## Information supplied
- - -
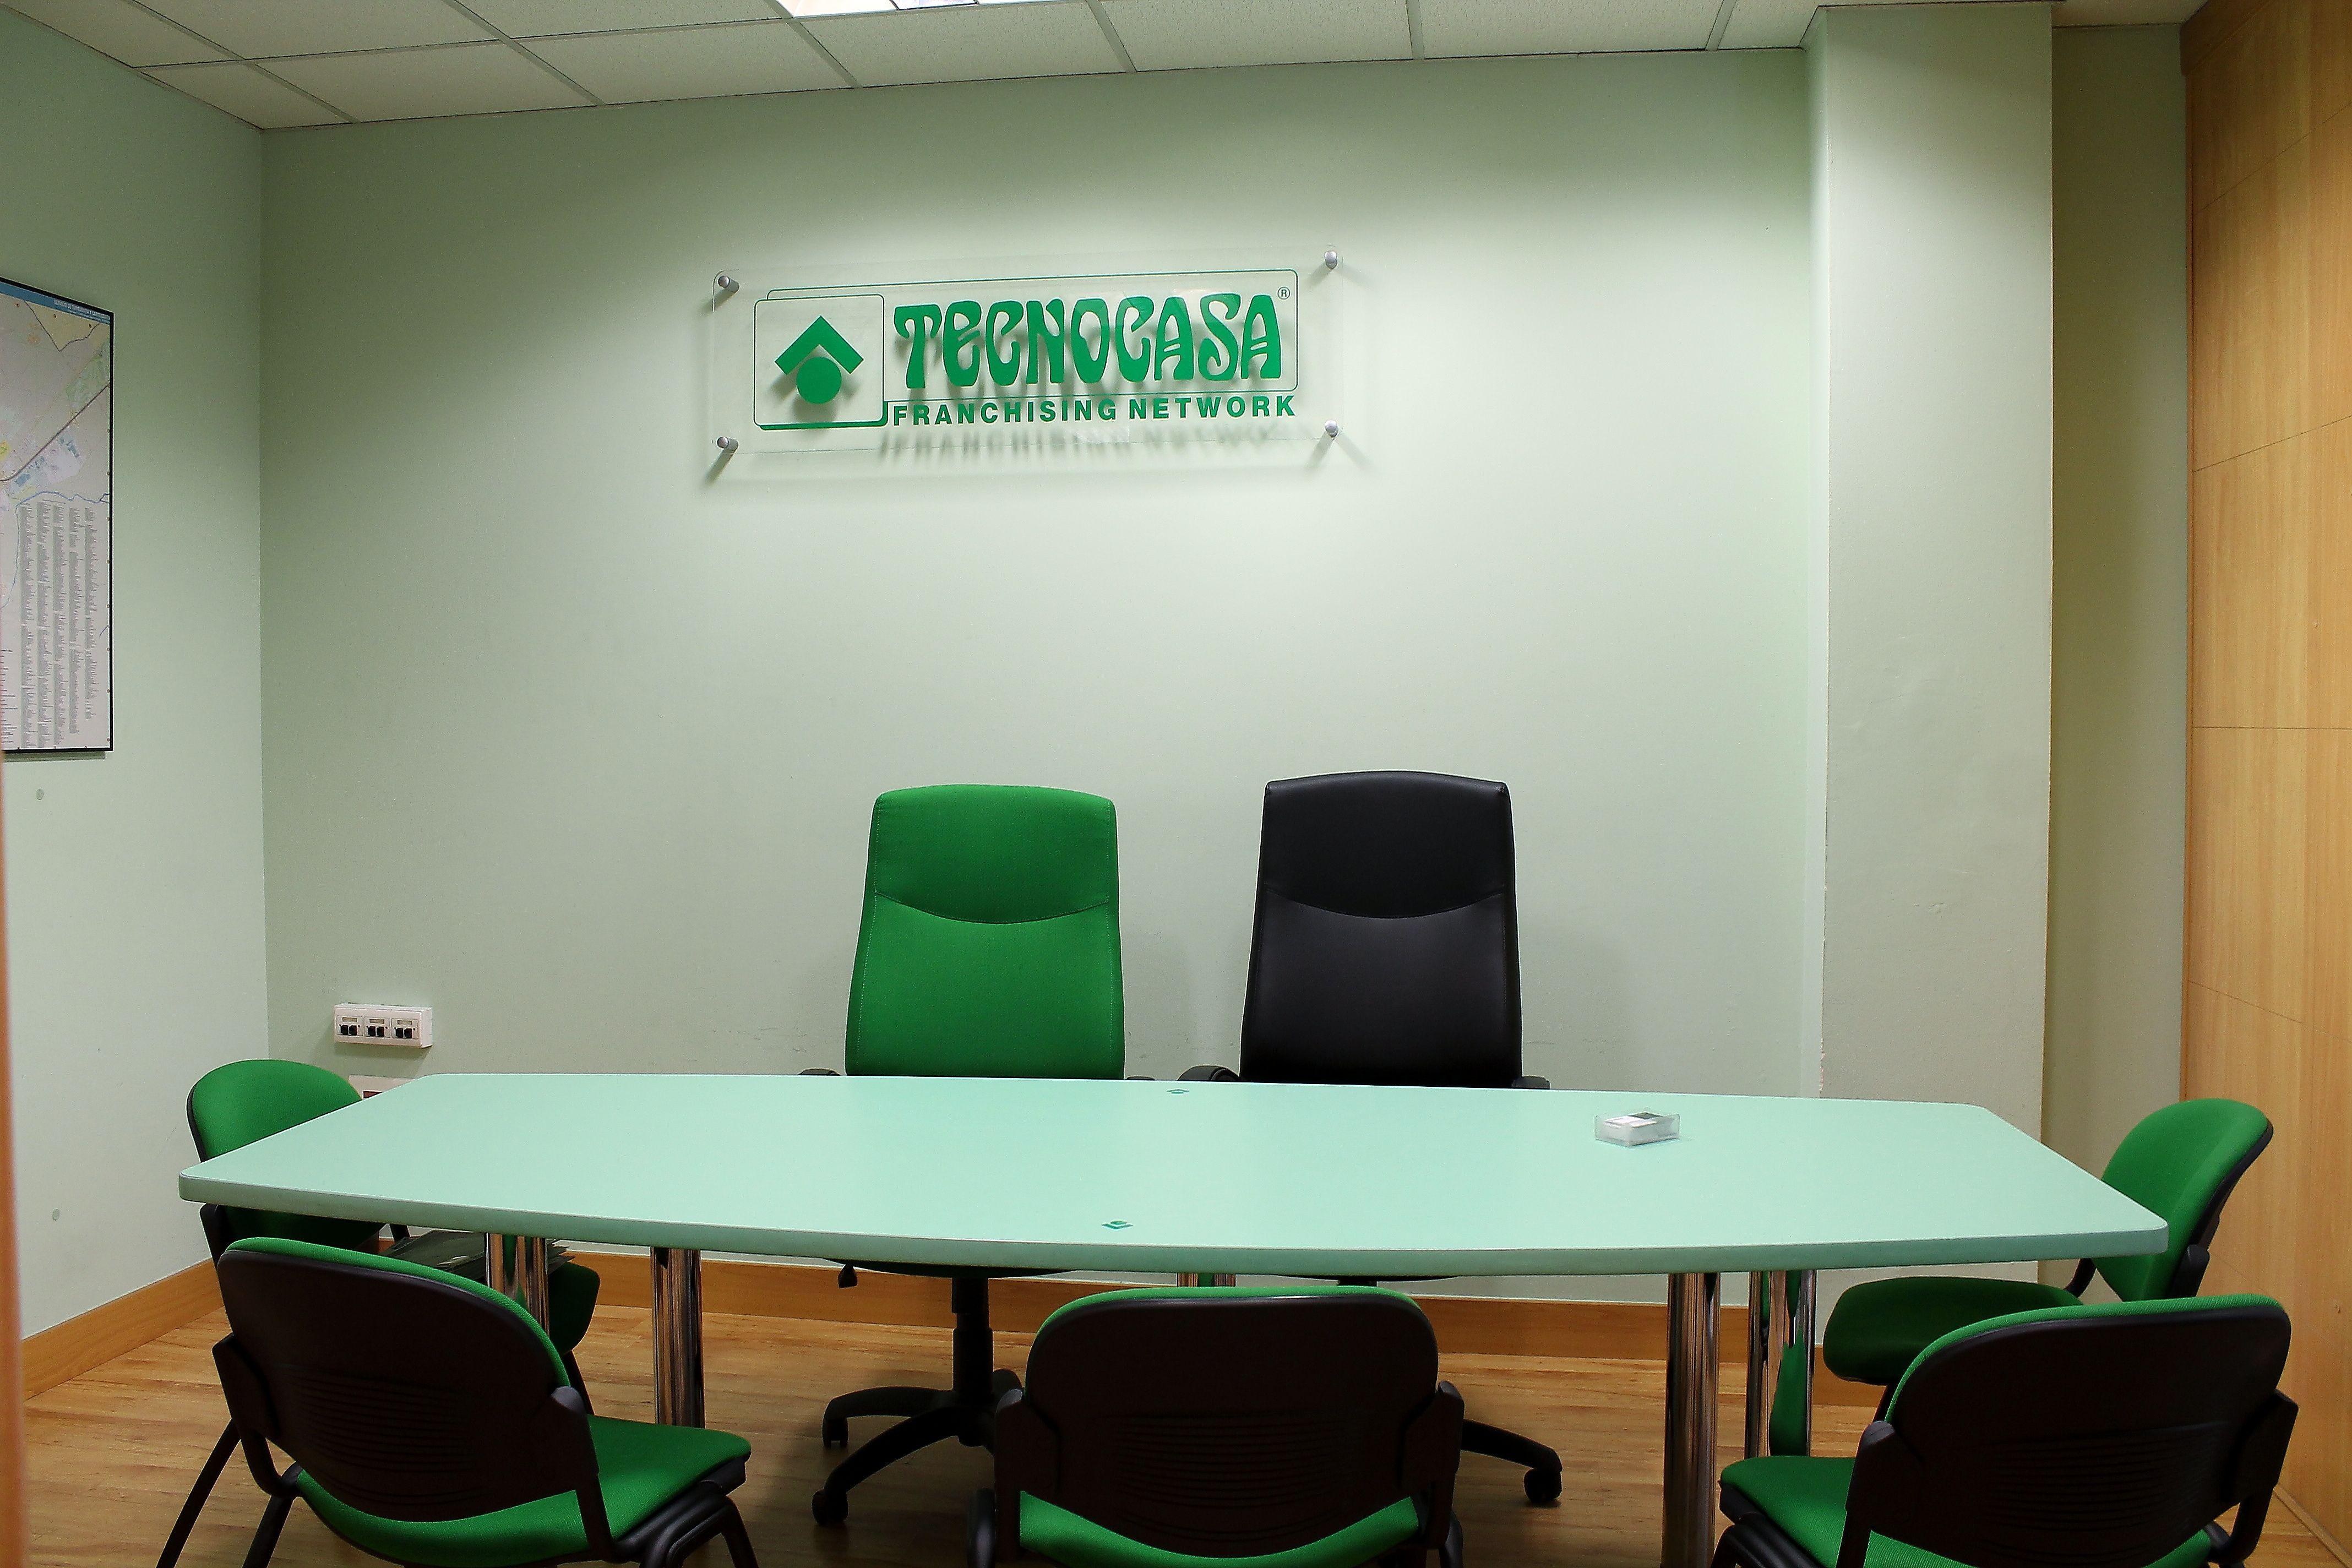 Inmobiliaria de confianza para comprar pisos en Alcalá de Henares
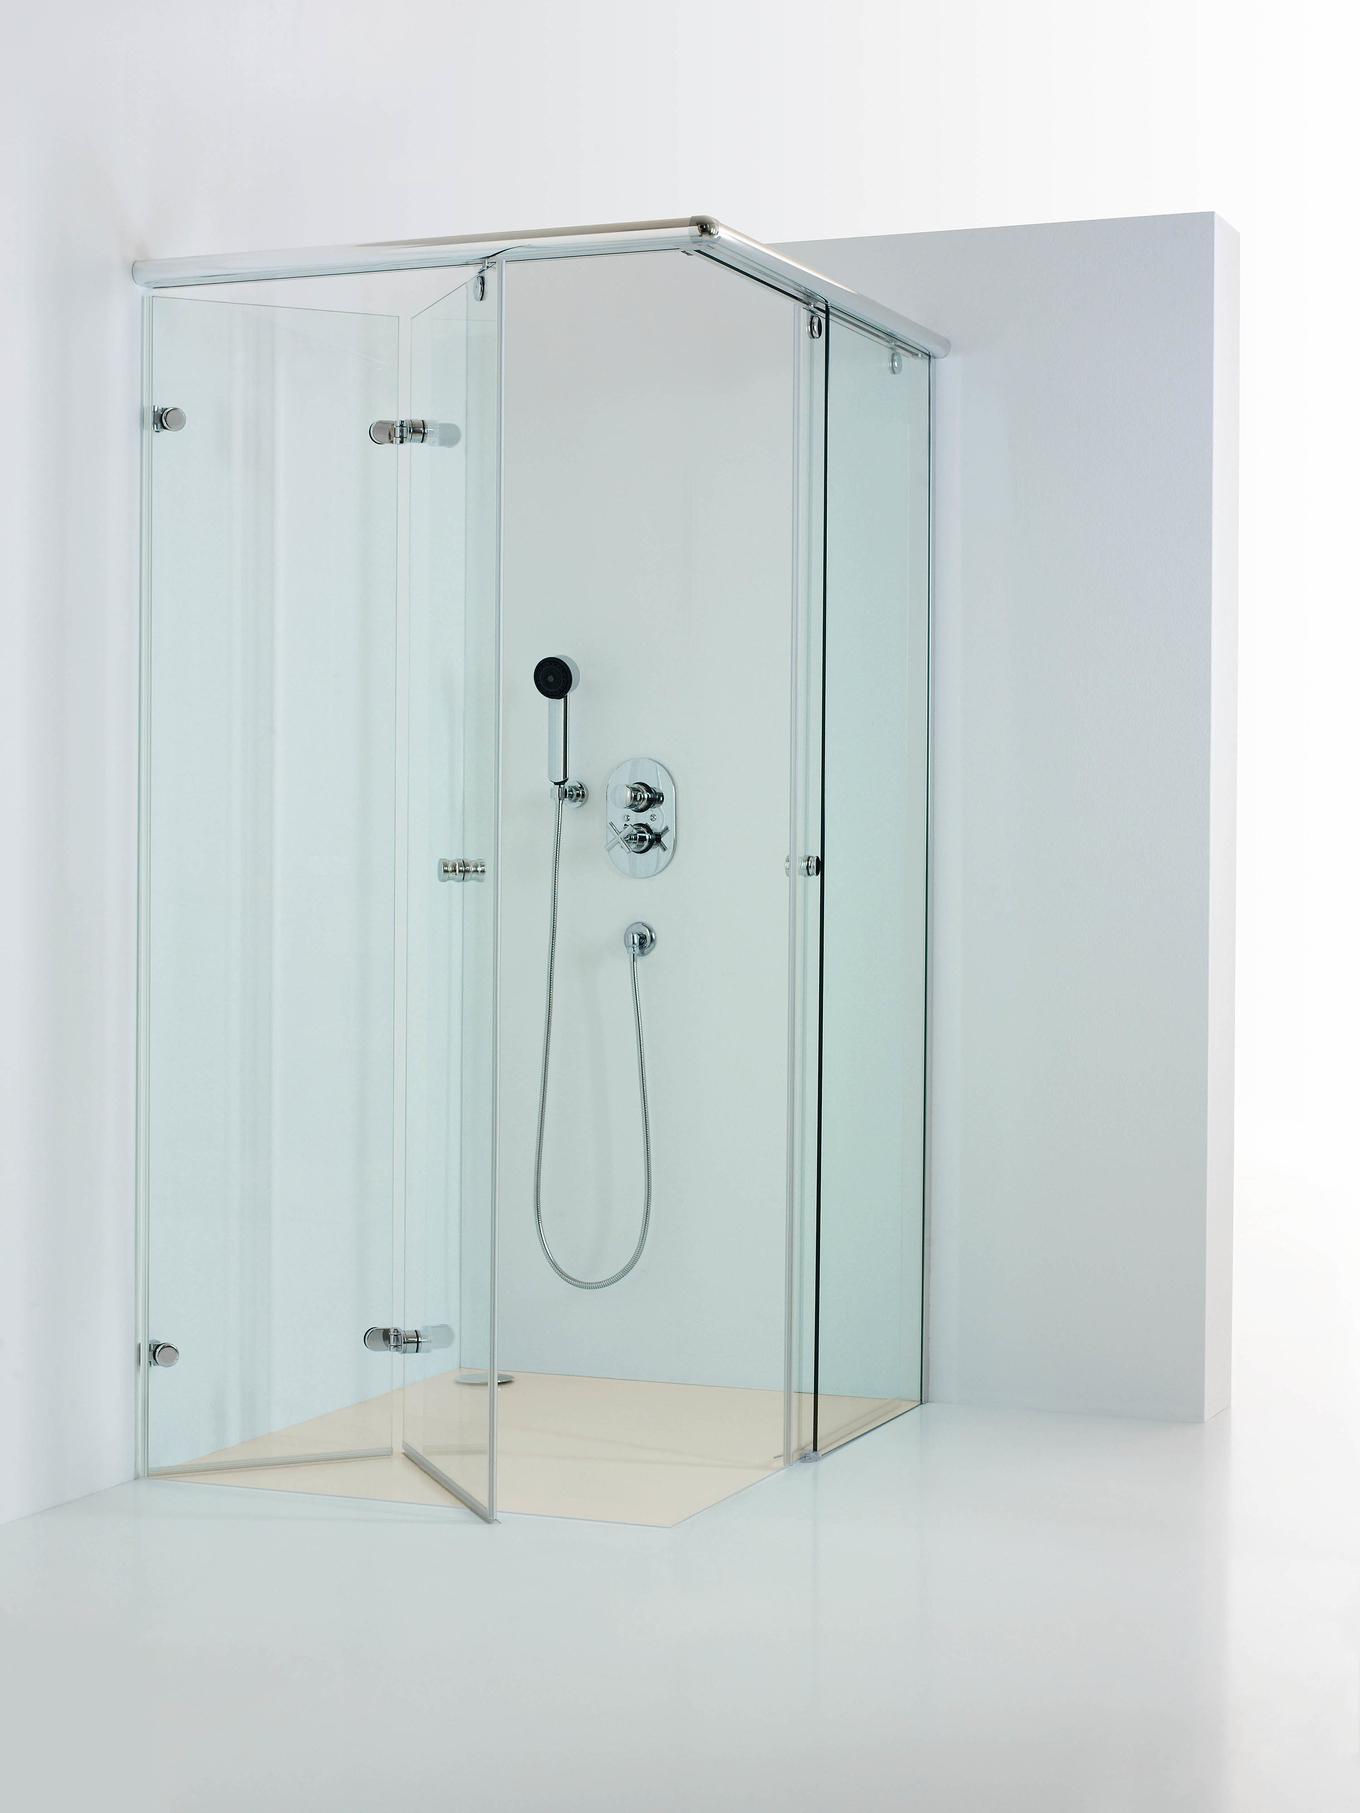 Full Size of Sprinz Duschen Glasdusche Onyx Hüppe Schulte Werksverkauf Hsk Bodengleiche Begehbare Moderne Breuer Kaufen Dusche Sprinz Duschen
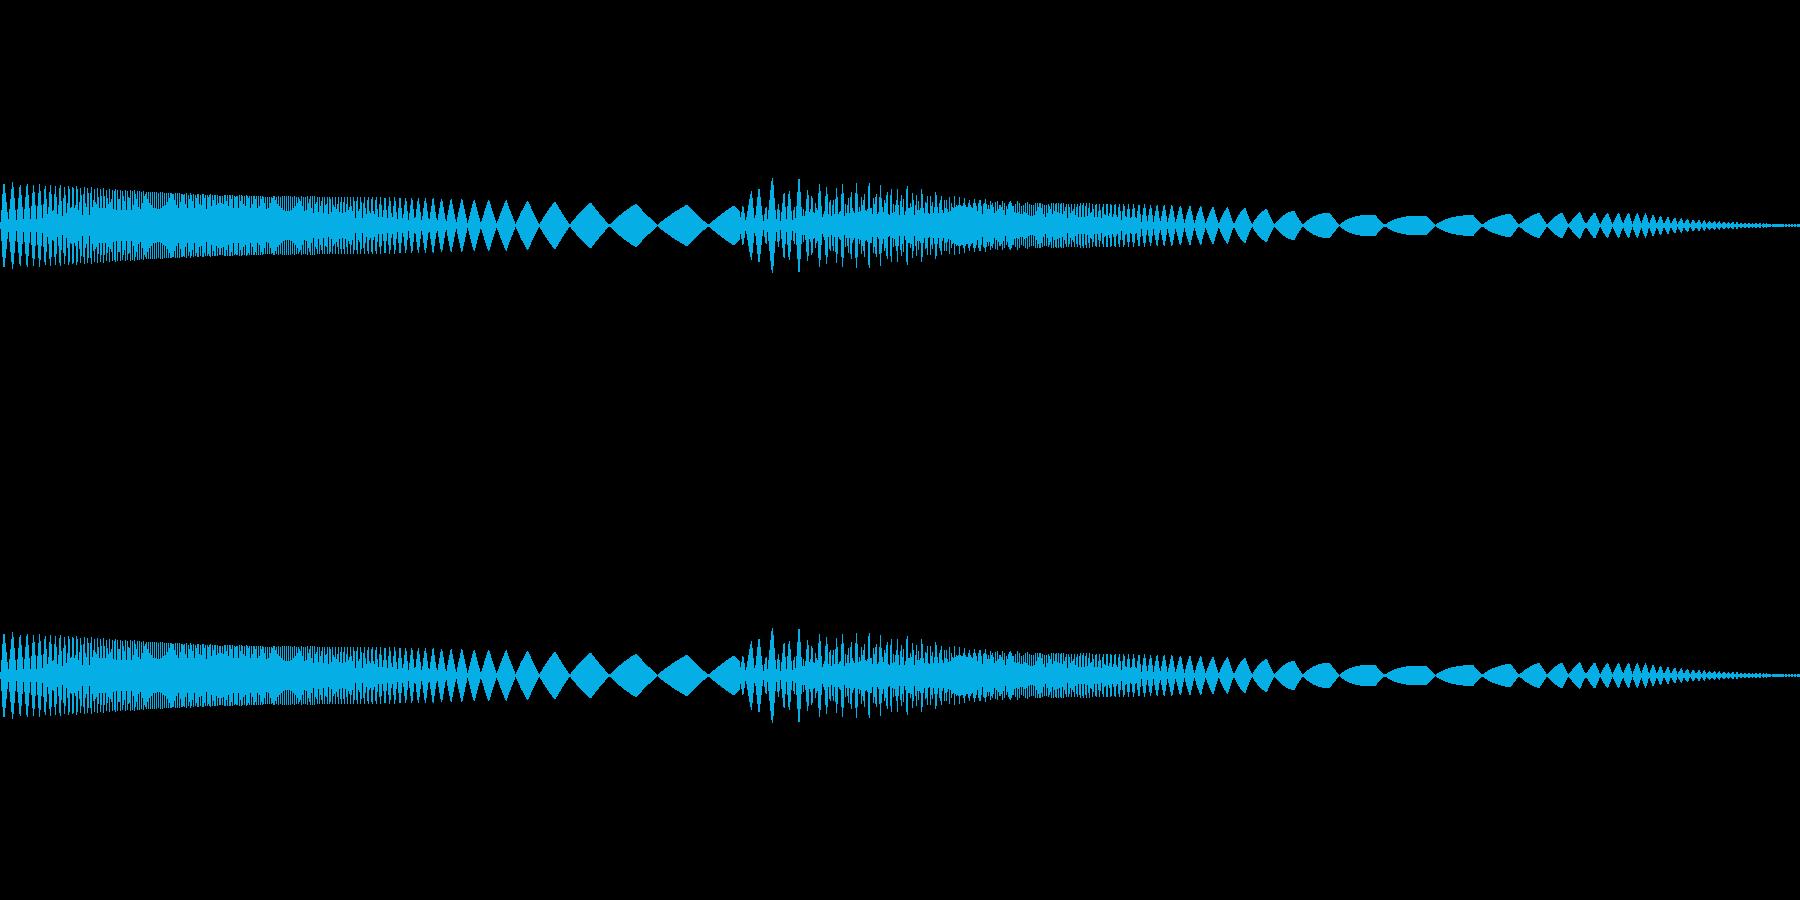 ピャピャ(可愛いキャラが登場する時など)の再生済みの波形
- - -
## How to complete this task
Every line above has to be output exactly; the pictures must be dropped.

## Answer space
 Inmobiliaria de confianza para comprar pisos en Alcalá de Henares
 Full Size of Sprinz Duschen Glasdusche Onyx Hüppe Schulte Werksverkauf Hsk Bodengleiche Begehbare Moderne Breuer Kaufen Dusche Sprinz Duschen
 ピャピャ(可愛いキャラが登場する時など)の再生済みの波形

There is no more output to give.